ABOUT THIS TASK: Once the line holding "M&M's 1kg Party" is found in the entries below, transcribe exactly every line up to and including the one holding "Vitamina D3 in", but leave out the pictures.

RECORDED INFORMATION:
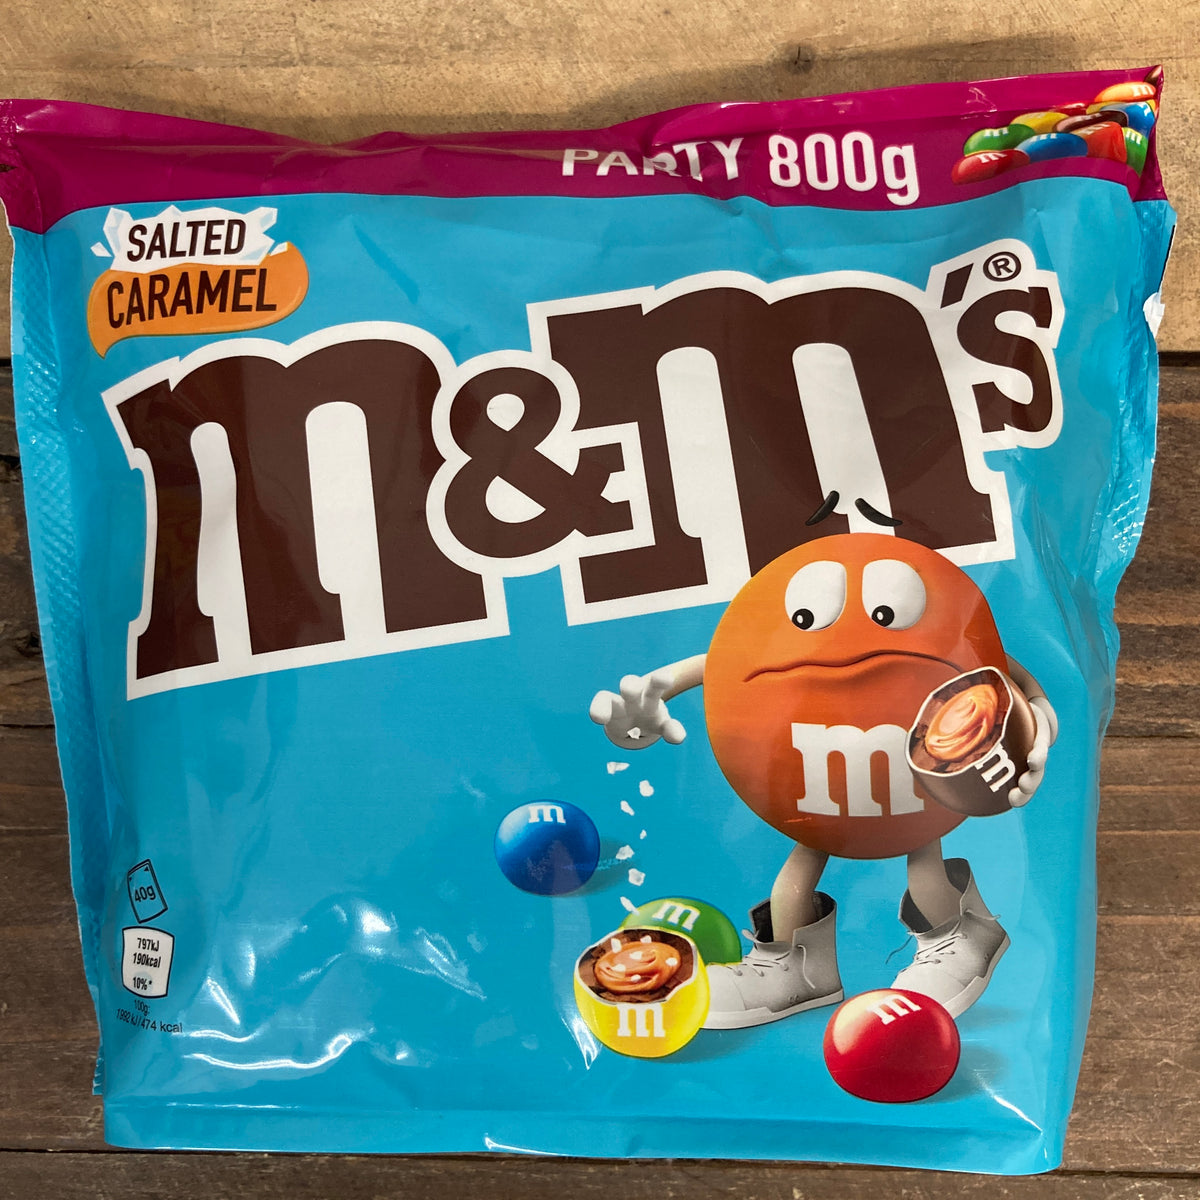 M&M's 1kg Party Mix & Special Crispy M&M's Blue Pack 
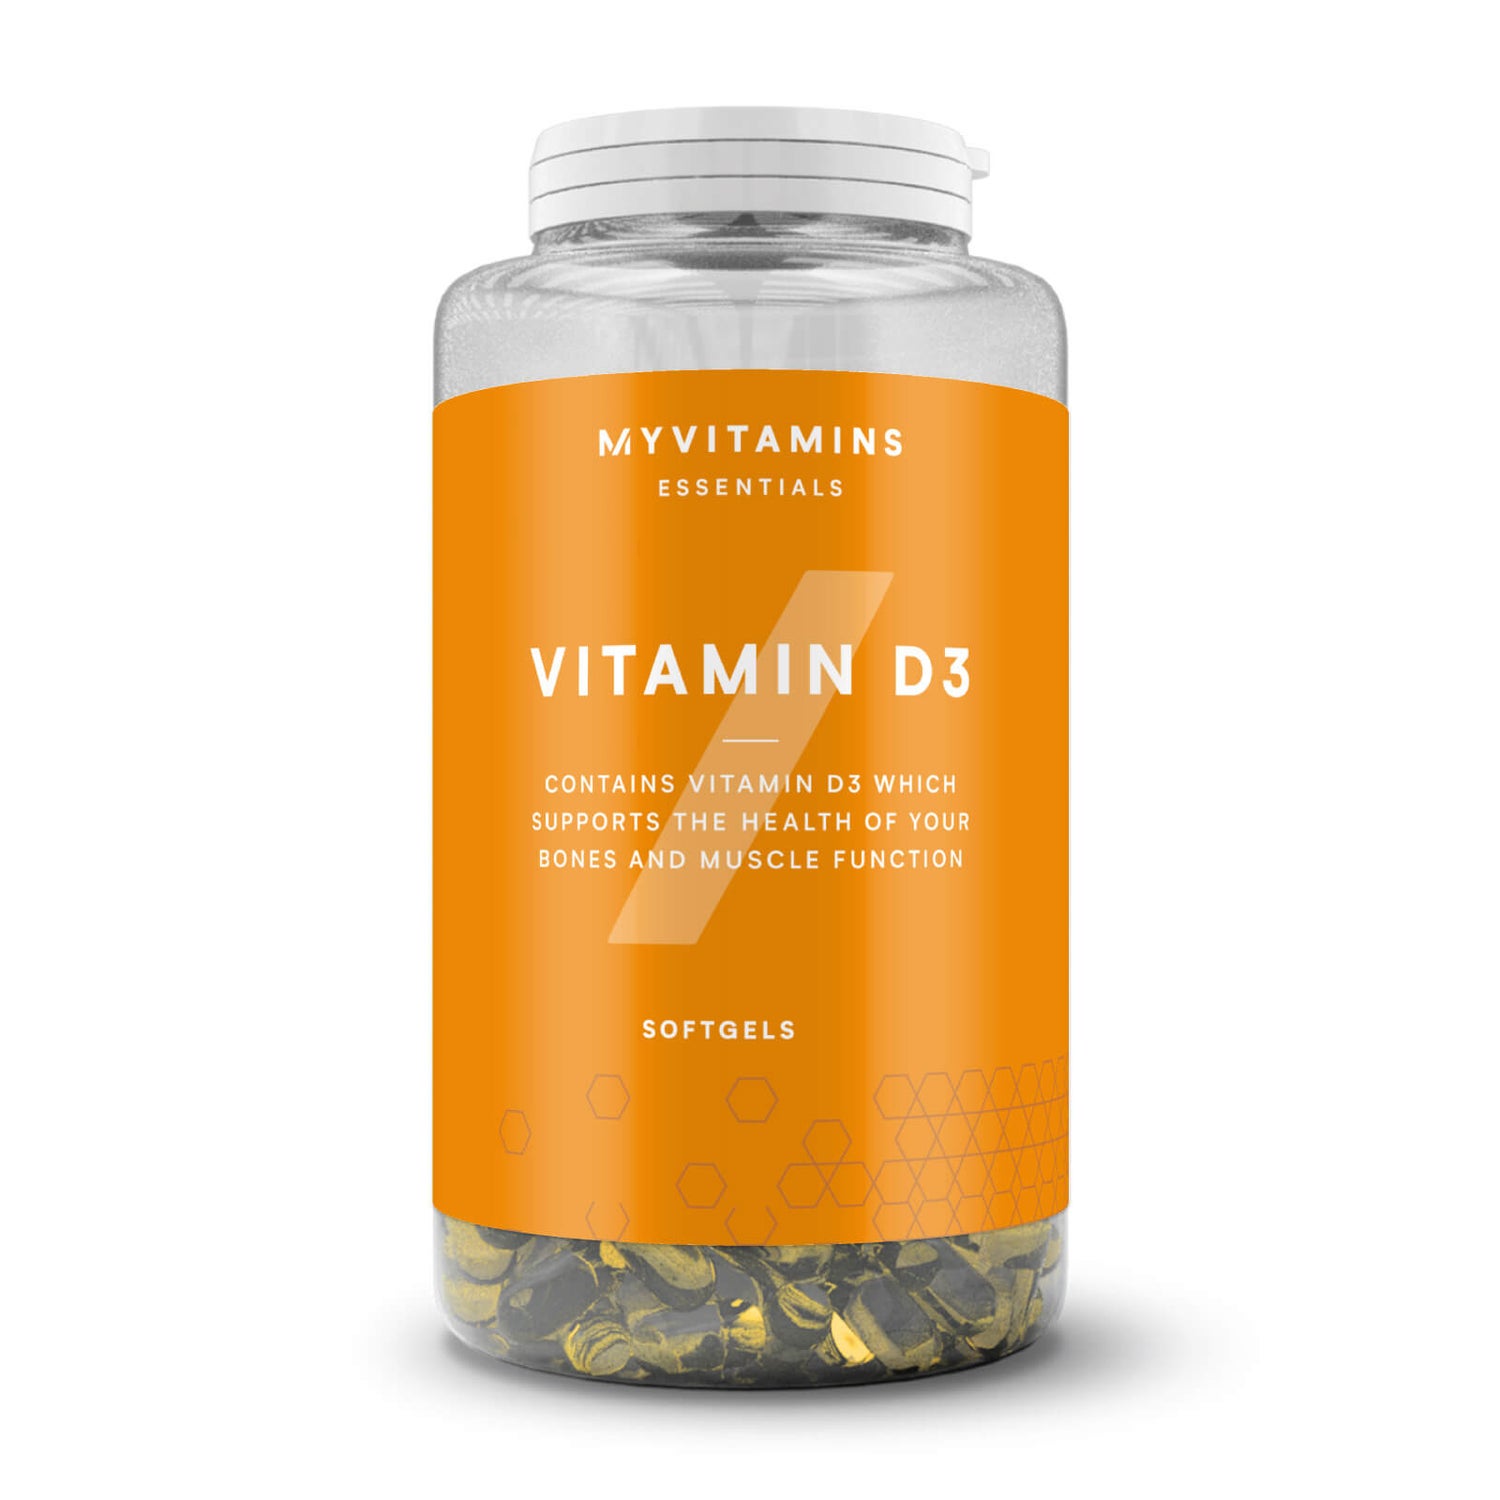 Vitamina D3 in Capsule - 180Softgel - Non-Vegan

==

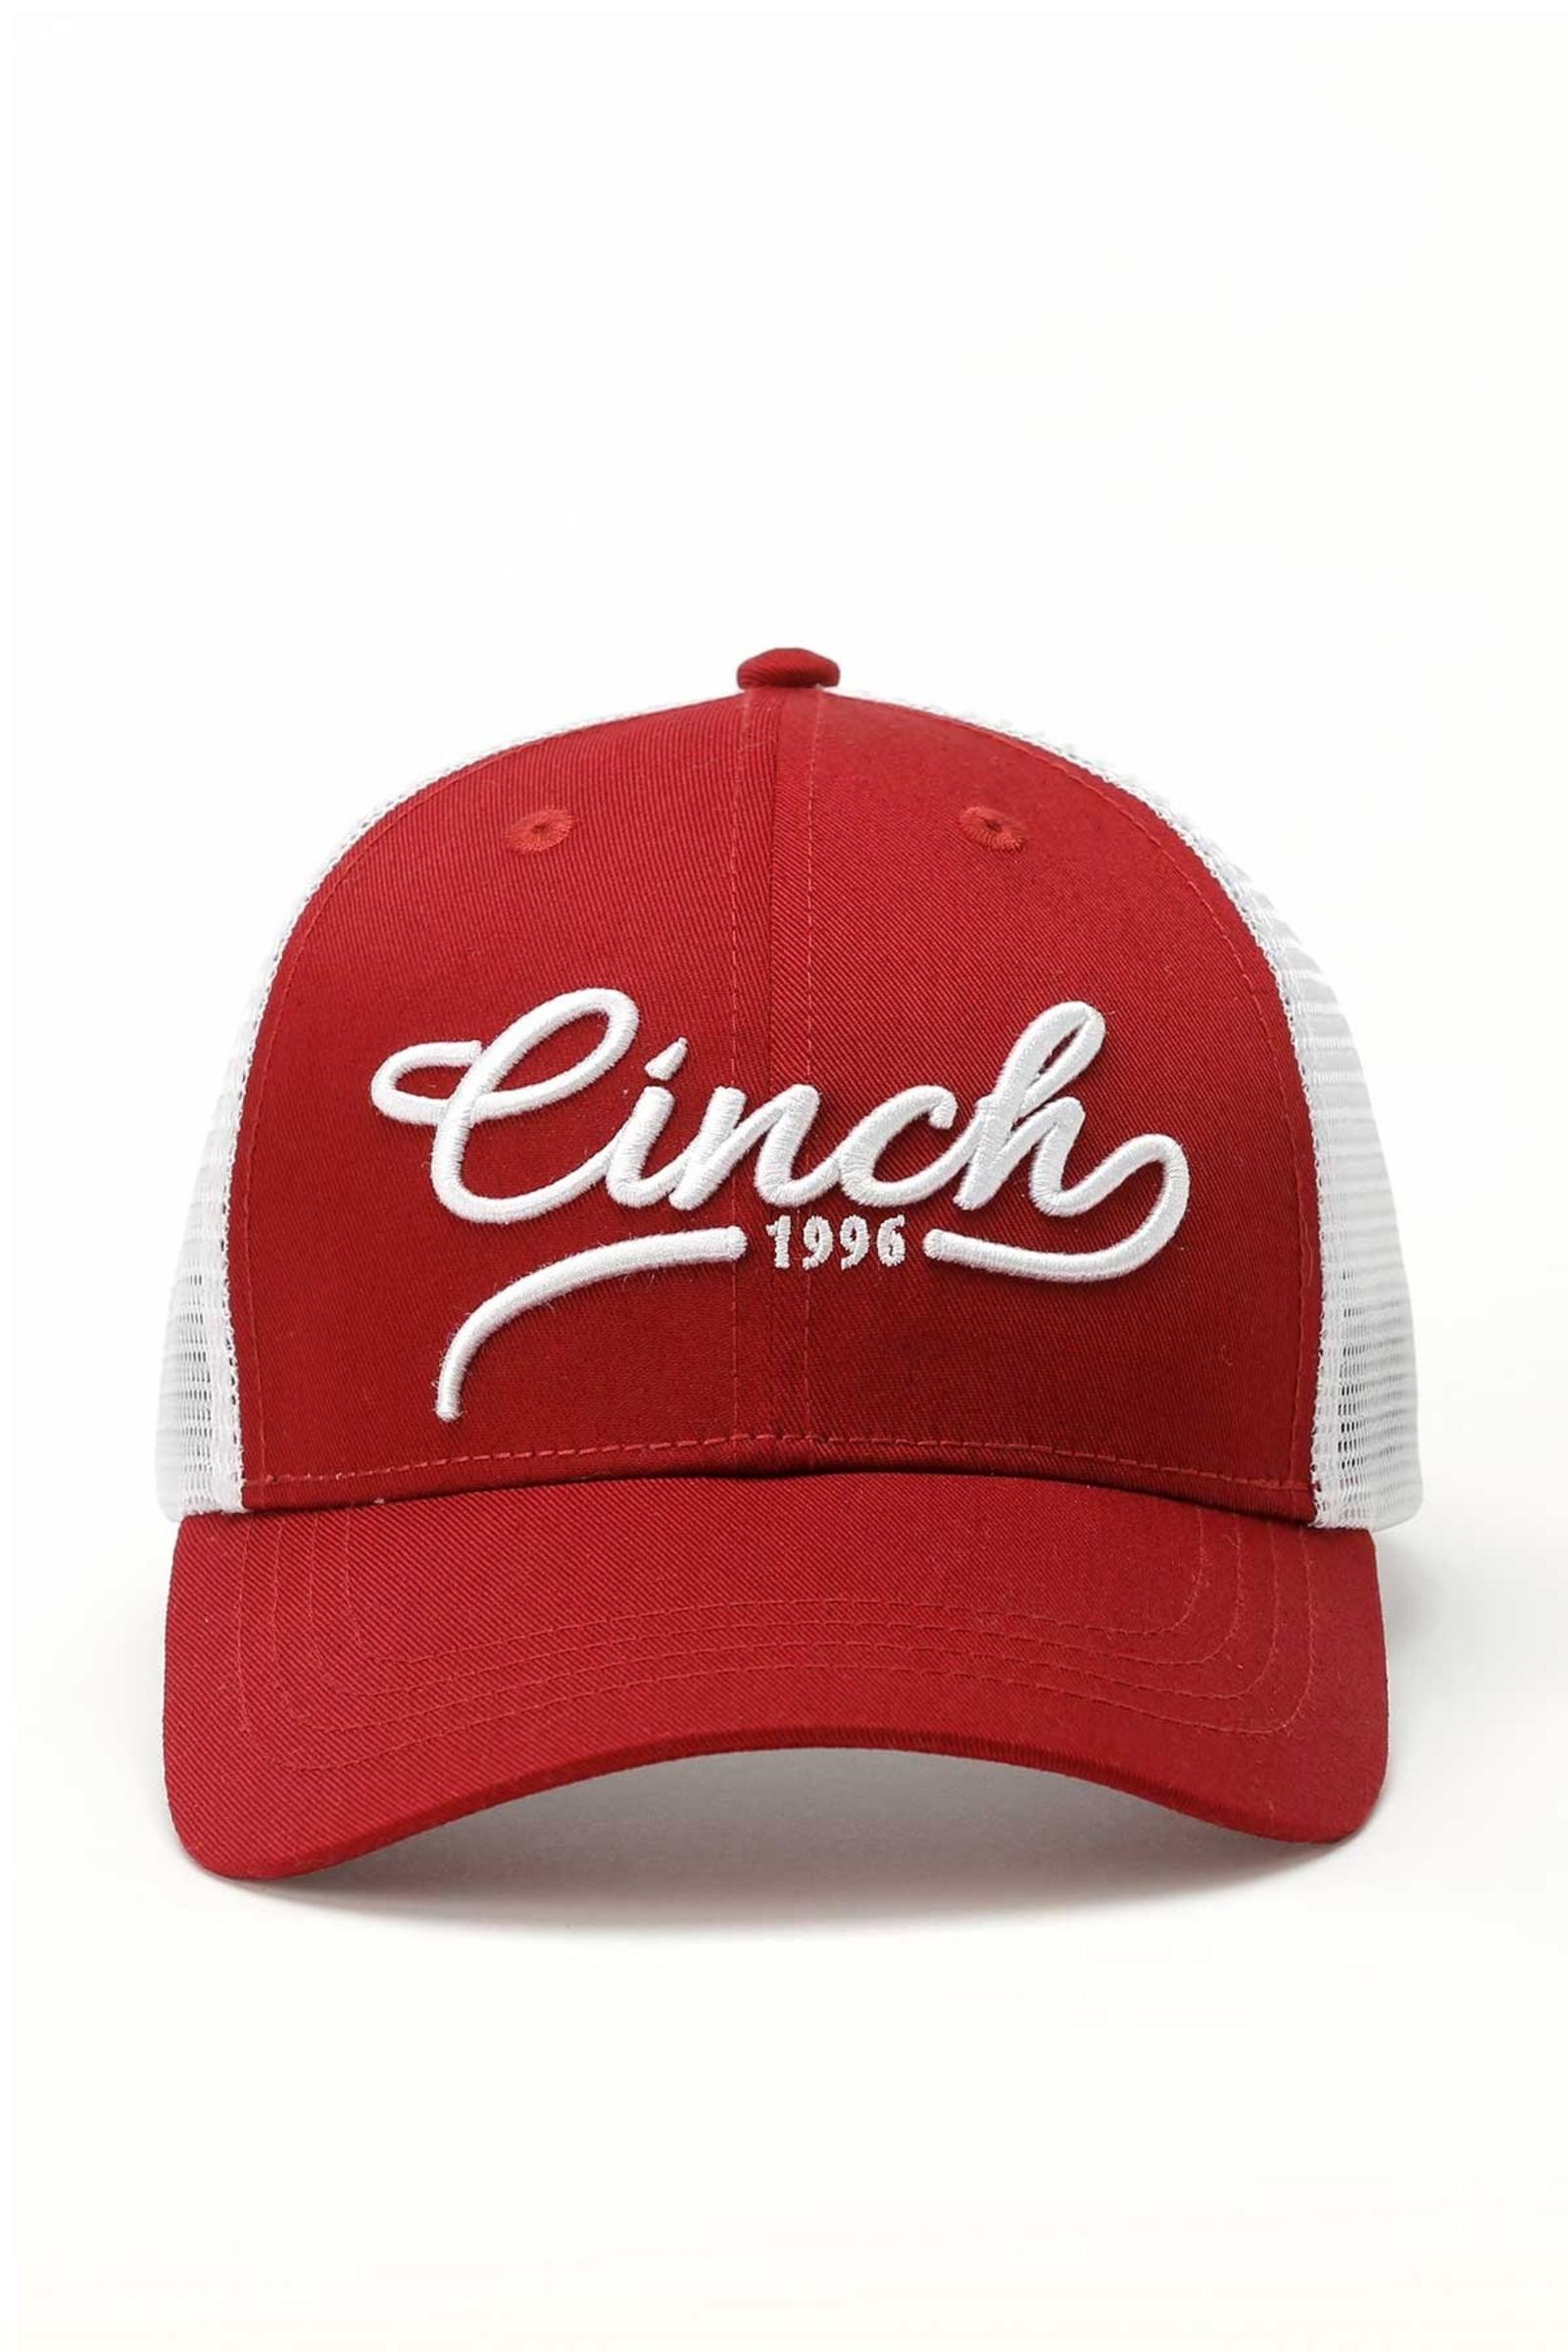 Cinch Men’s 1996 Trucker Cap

ANSWER TO THIS EXERCISE:
 M&M's 1kg Party Mix & Special Crispy M&M's Blue Pack 
 Vitamina D3 in Capsule - 180Softgel - Non-Vegan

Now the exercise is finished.